ABOUT THIS TASK:
An exact copy is required of the lines running from the one that contains "stock-photo-balloon-aeronautics-isolated" to the end of the material, both ends included, with pictures omitted.

EXERCISE DATA: Begin

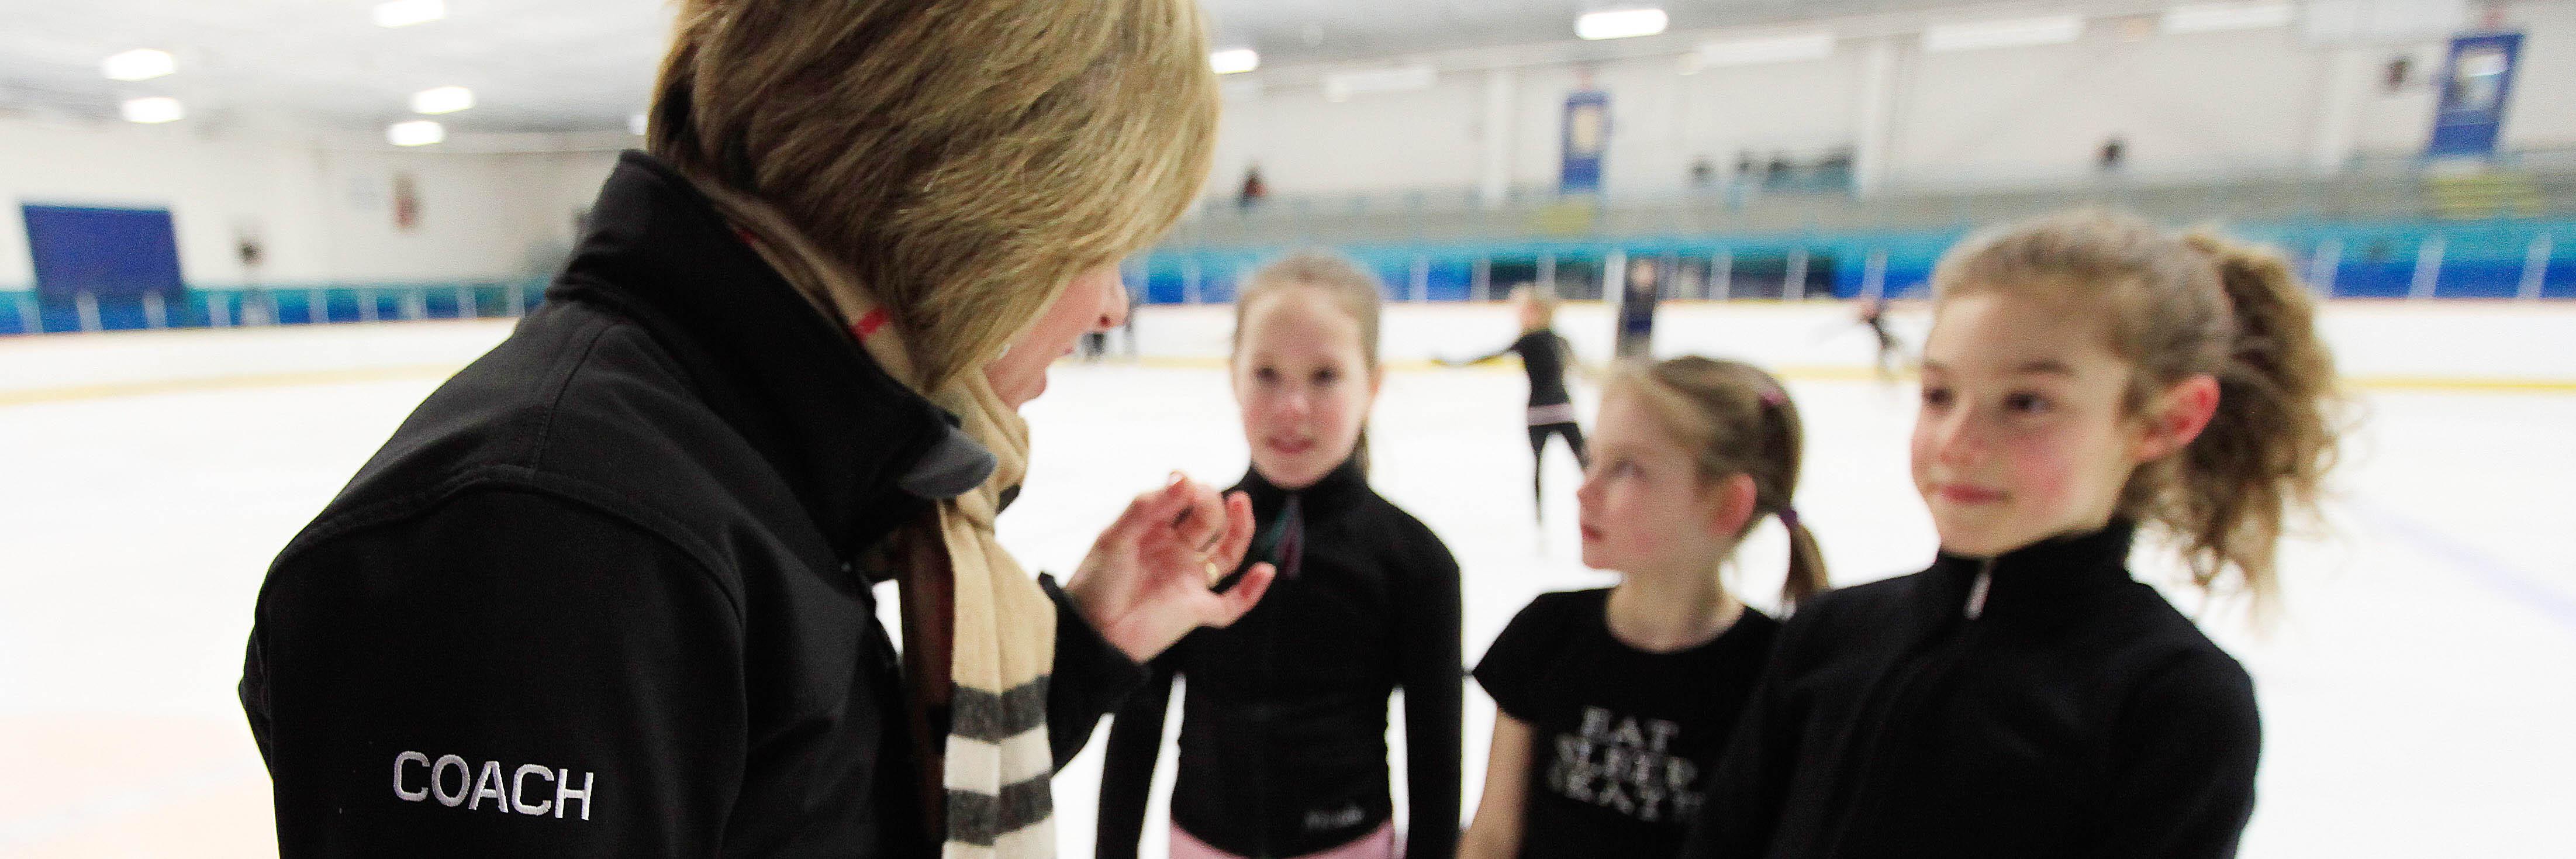 Coaching in Canada Home
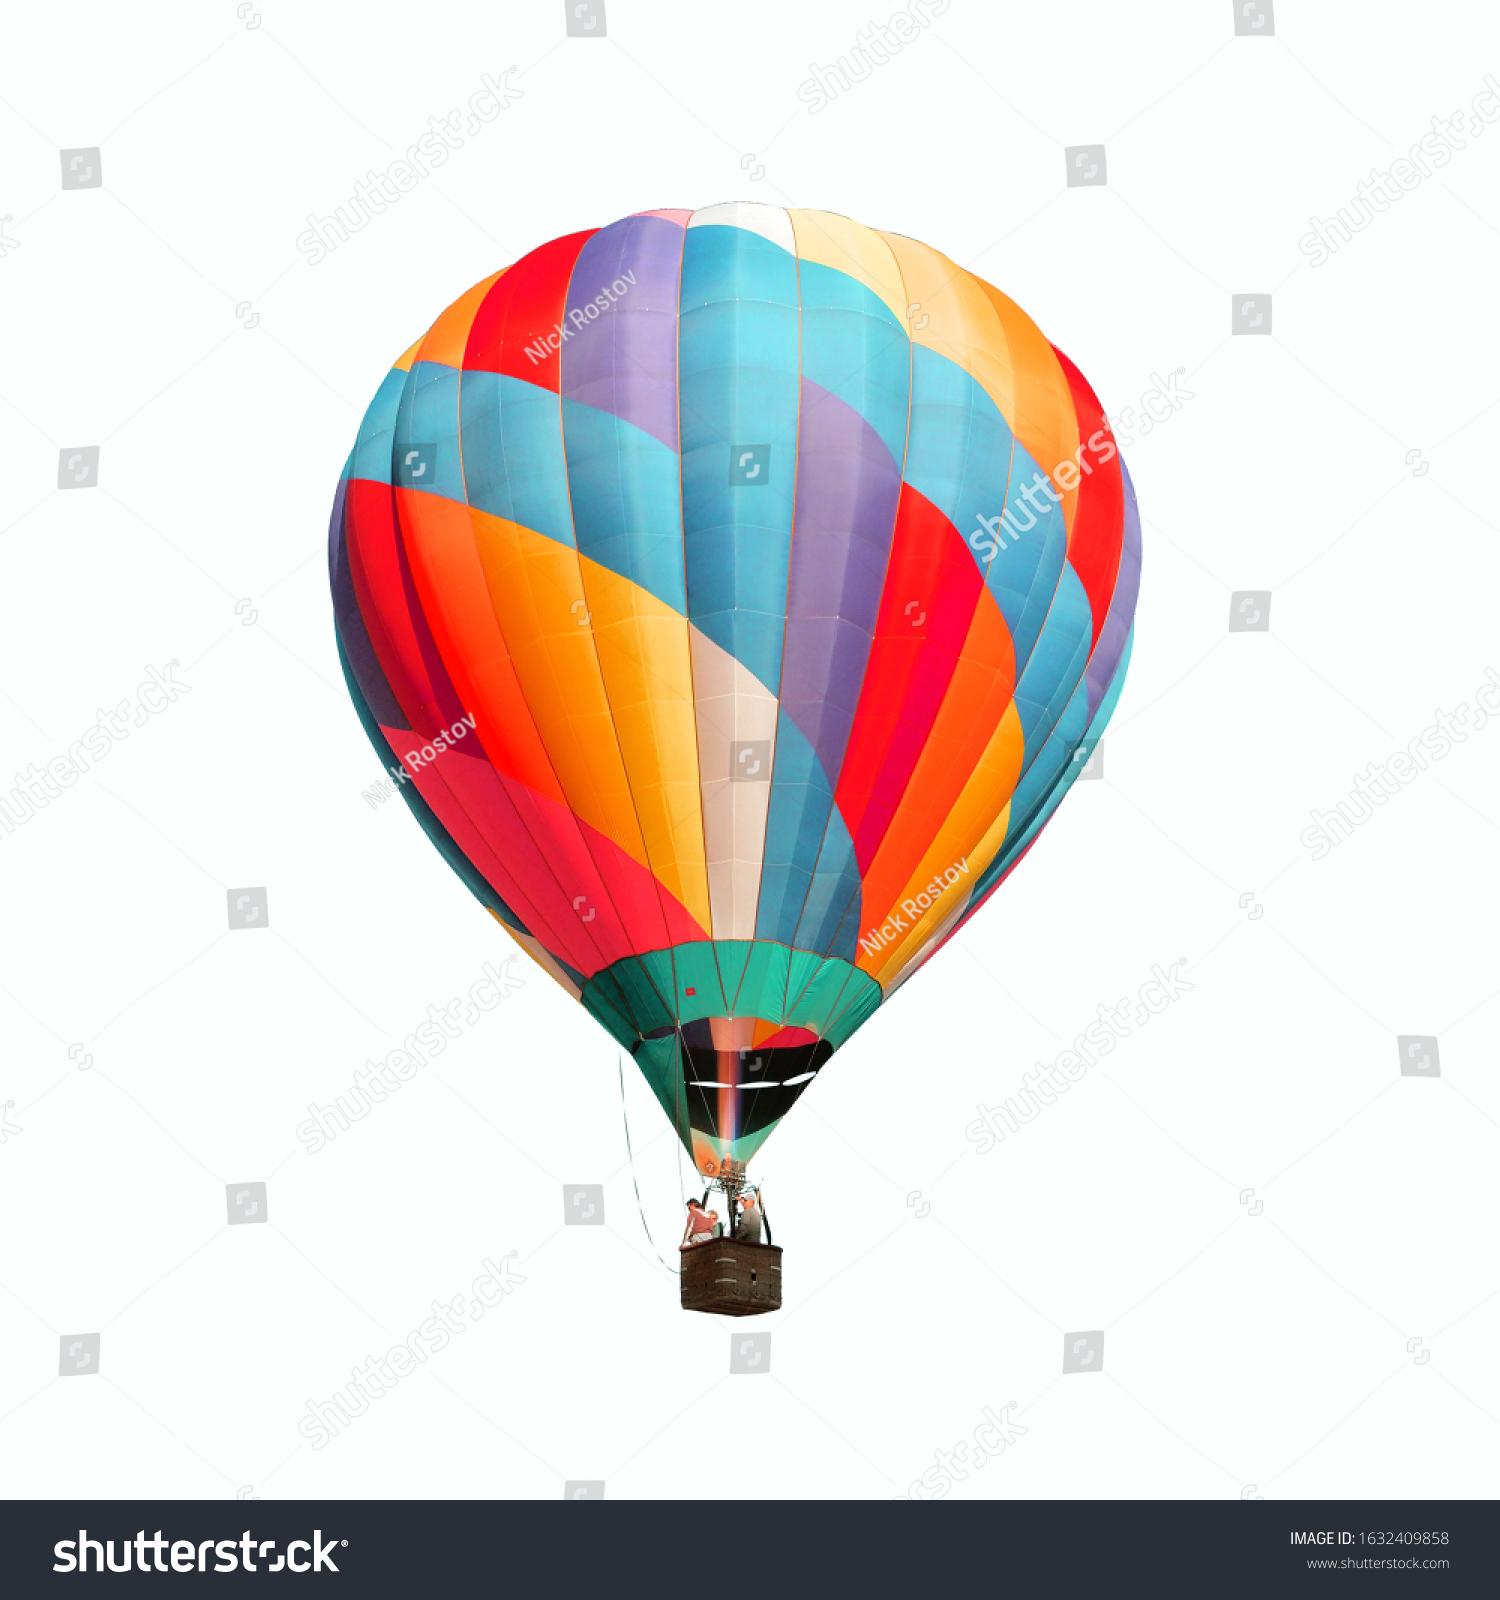 stock-photo-balloon-aeronautics-isolated
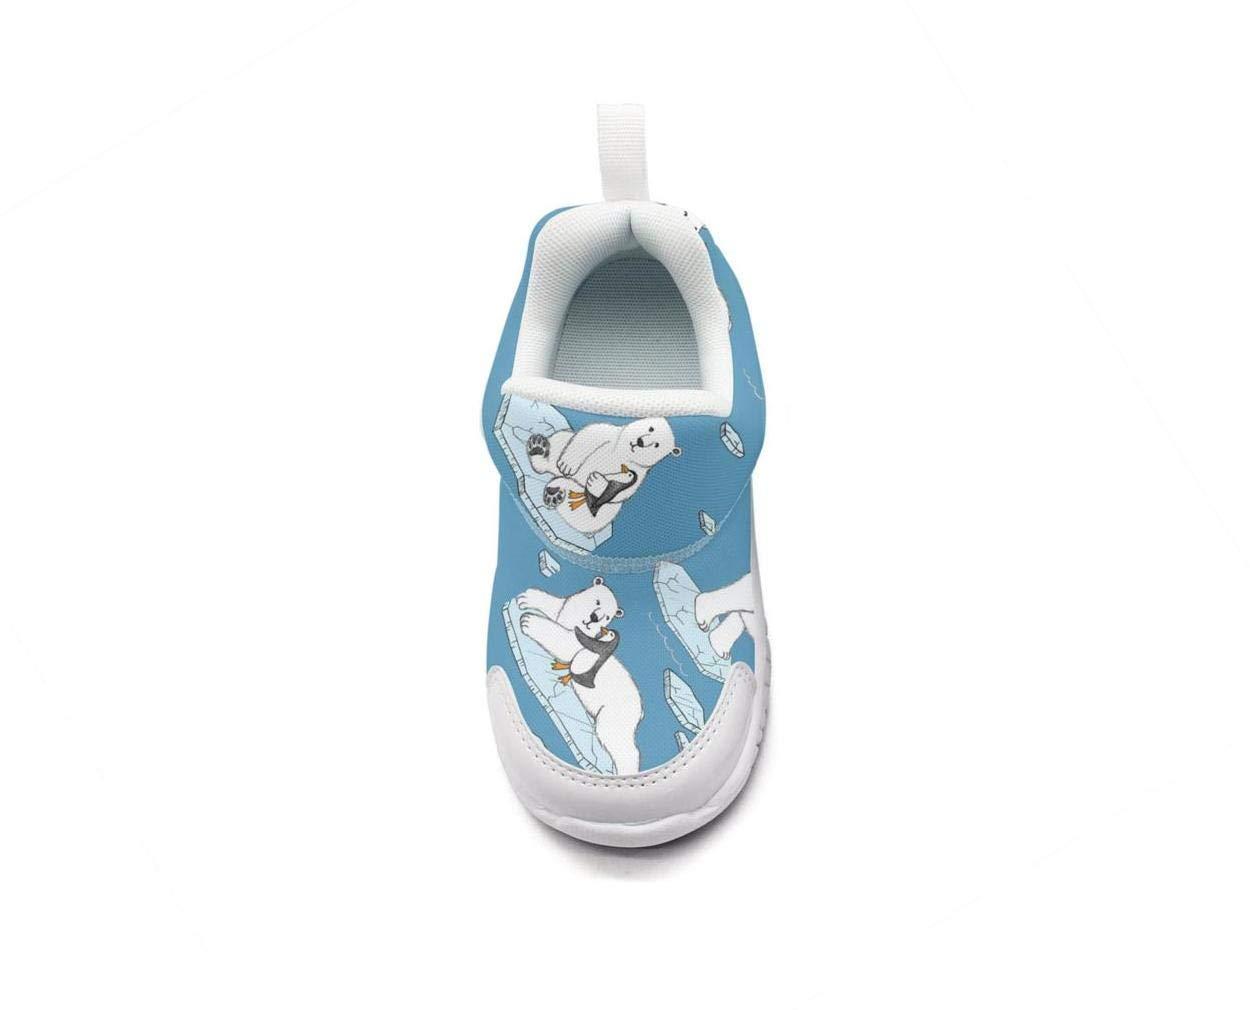 ONEYUAN Children Polar Bear Penguin Friend Kid Casual Lightweight Sport Shoes Sneakers Running Shoes

EXERCISE DATA: End

SOLUTION TO THE EXERCISE:
 stock-photo-balloon-aeronautics-isolated
 ONEYUAN Children Polar Bear Penguin Friend Kid Casual Lightweight Sport Shoes Sneakers Running Shoes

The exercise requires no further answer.